Small shifts at home.

Let's be realistic.

I love reading about the dedicated, inspiring people living 'zero waste' lifestyles, packing their whole family's annual rubbish into a small glass jar.

I lap up their tips and tricks, and I'm introducing more conscious choices into my own life all the time - particularly as we're now in Plastic Free July.

But I also see what I believe so many others do when they look at those little jars: sacrifices.

I needed to reassure myself, before I could anyone else, that there is no way these zero-waste-plastic-free warriors got to this point overnight!

It takes preparation, which is a heavy word I like to think of instead as "a series of small shifts". 

Instantly do-able!

I was inspired this week when a bunch of my colleagues said to me, "It's just knowledge - knowing what to do and how to make changes."
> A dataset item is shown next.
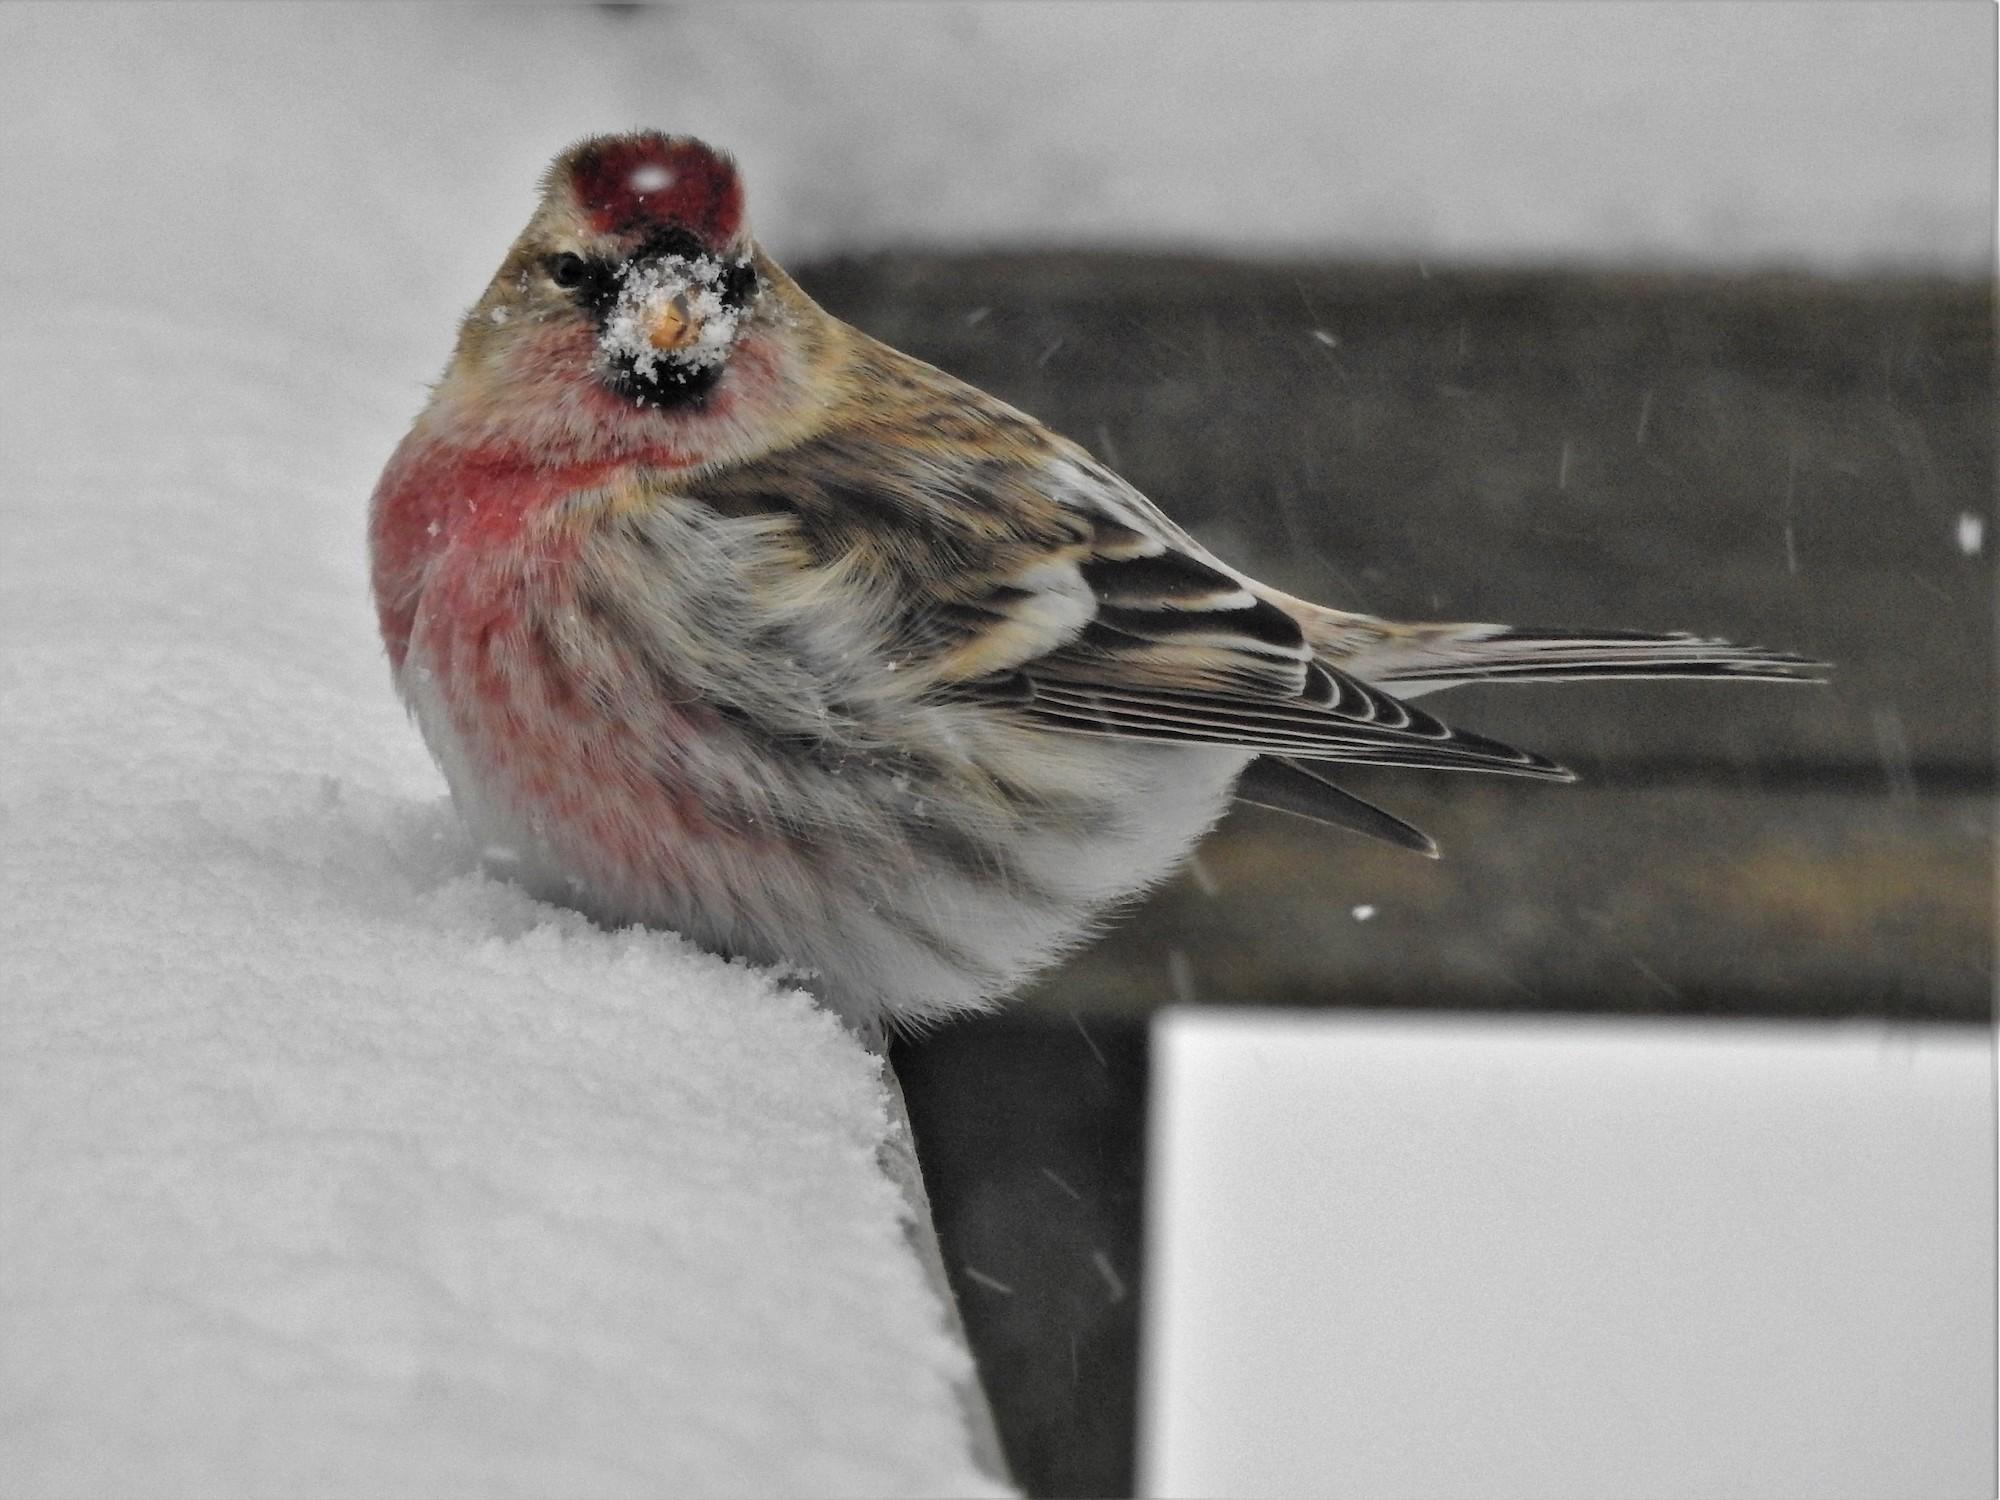 birds keep warm

As I continue my sustainable style journey I keep making little changes, most of which are cheap, simple and rather good looking.

Here are some of my tips to making small shifts at home.
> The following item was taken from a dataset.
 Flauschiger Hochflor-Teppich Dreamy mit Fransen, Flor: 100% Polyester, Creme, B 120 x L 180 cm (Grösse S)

Things with multi-purpose.

Instead of buying multiple things with one use, I try to look for things with more than one purpose - including during its 'after life'.

Nocturna candle in a metal casing - perfect for reuse.
My retractable kabuki makeup brush can be used for powder, bronzer and blush, and it travels perfectly. Plus, its casing is made from recycled aluminum and the bristles are cruelty free.
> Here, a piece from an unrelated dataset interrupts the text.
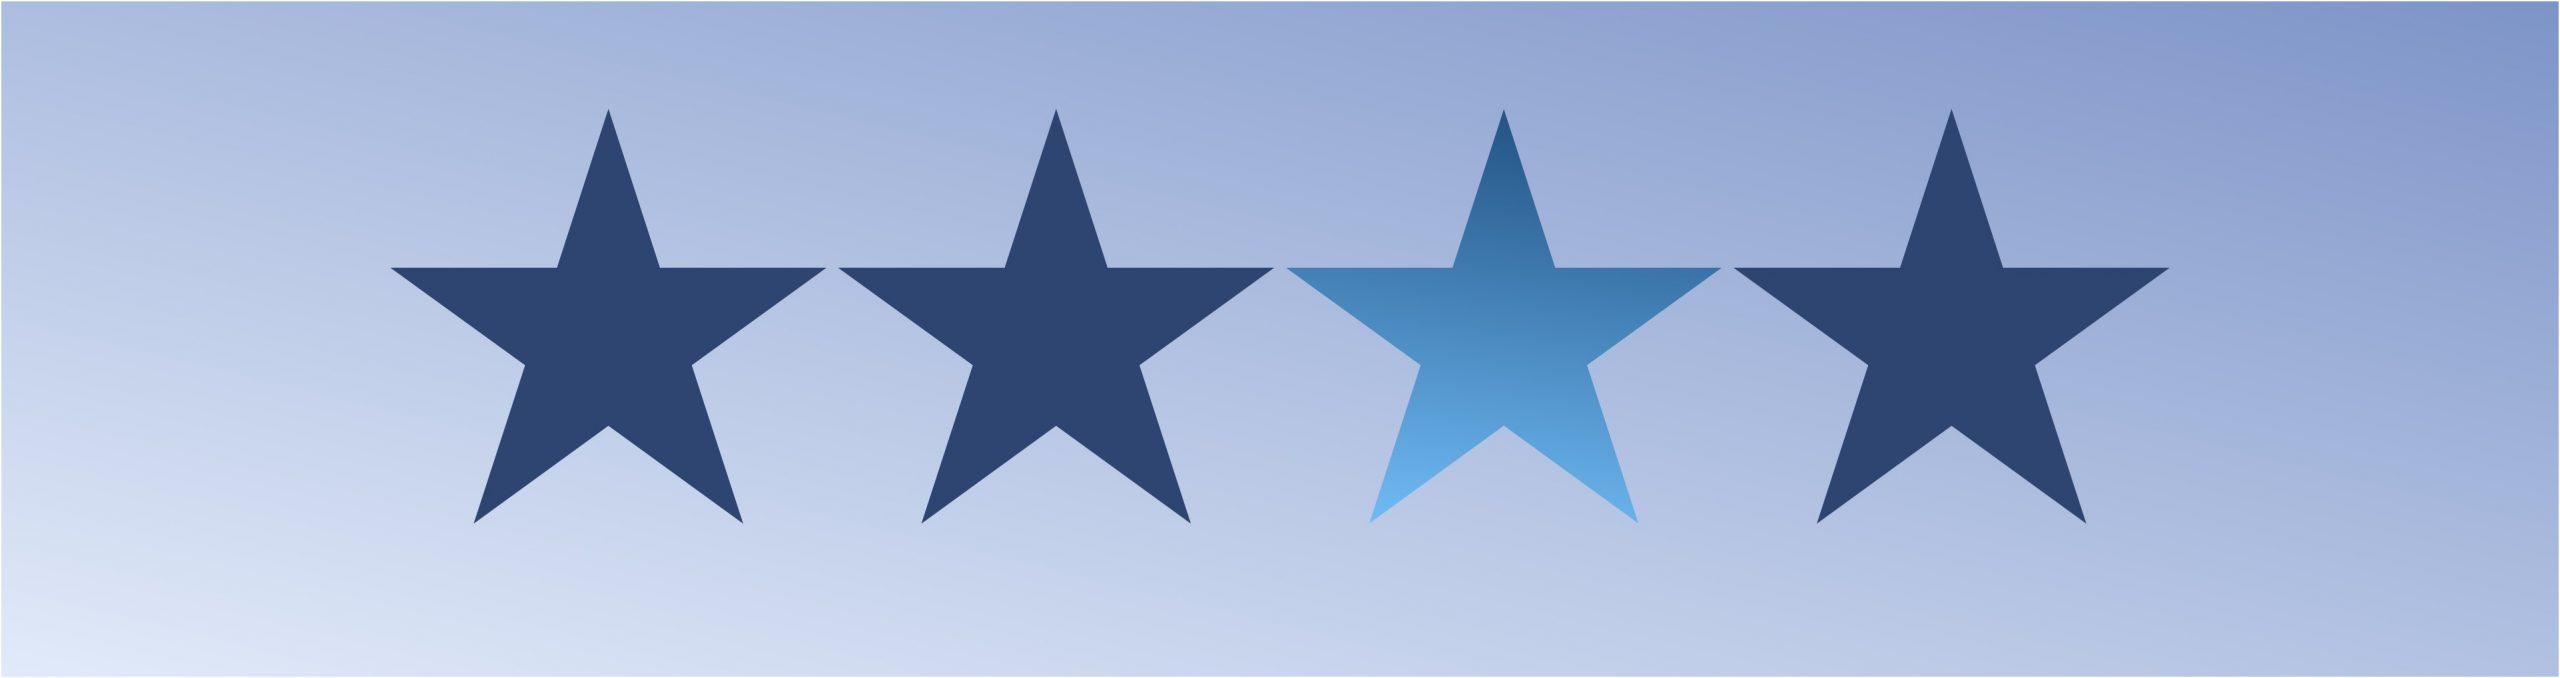 Fundo azul e 4 estrelas mostrando o controle do vocabulário no gerenciamento da informação.

I think about the after-life of things like candles - can I reuse the jar they came in, or donate to my candle-making friends to be refilled?

The same goes for empty jars and containers, gift wrapping (more on that later), packaging and bags.

Are they good enough to use again?

Bamboo over plastic with
my little Eco Toothbrush 

Bamboo toothbrush

I've rejected plastic toothbrushes and switched to a bamboo one from Wray Organic. It cost me $3.25, it's soft, compostable and works just as well. Plus, he's cute!

I'm also collecting used dental waste (left-over plastic toothbrushes, empty toothpaste tubes and floss containers) and sending them to recycling superheroes TerraCycle.

Check out some of the great programs they have around Australia (and the world) to combat the traditionally non-recyclable.

Birthday suit soap

There are plenty of natural bars, cakes and balls out there that can be bought naked. As long as you've got a little soap dish, you're set! Some of my faves are by NSW-based Archon Designs and the Est extra virgin olive oil soap balls I pick up from Biome.

Both smell gorgeous and have no nasties.

Naked soap! Est olive oil balls. Image via Est Instagram

BYO & bulk-shopping

I'm jumping on the bulk food bandwagon, shopping from tubs and bins as much as I can. This hasn't been a hard change to make as it allows me to get as much or as little as I need, and most bulk food stores have a huge range - even for the perpetual snack-er like me!

Bulk food shopping is so much fun!
My recent visit to The Source at The Stores in Brisbane's West End.

You can even get things like dish washing powder, olive oil and (the essential) chocolate. I have started taking my own containers when I stock up too, which is totally welcome at bulk food places.

DIY room spray/ deodoriser

I tried my hand at DIY room spray - which turns out to be a great bathroom freshener too.

This baby is literally just distilled water (I did this myself too), lavender and peppermint essential oils.

I spray it on my sheets, towels, couches, in the bathroom, anywhere really. I bought the glass bottles on ebay and have made up some sprays with my own labels as gifts.

DIY simple room spray - and reusable glass bottle.

Making gifts & reusing bits

This is a habit that stuck around from my childhood. I love to make people gifts and cards instead of buying things. I re-gift gently-used wrapping paper, ribbons, packaging and boxes, and have a stash of cardboard and paper for card making that I picked up at a wonderful joint in Brisbane called Reverse Garbage.

My DIY coin wallet for a gift, made using leather off-cuts.
These guys also supplied the leather off-cuts I used to stitch up a little coin wallet for a gift (one of my first sewing machine projects!). I've also made a couple of drawstring bags that can be used for virtually anything. Super cute and satisfying too.

You don't need to consider yourself creative - or stingy! - to make changes like these. Saving money is often just an added benefit of shopping sustainably and consciously. You end up with more for less as you get extra life out of the one thing.

As always, my aim is to show that sustainable choices can be stylish and functional too.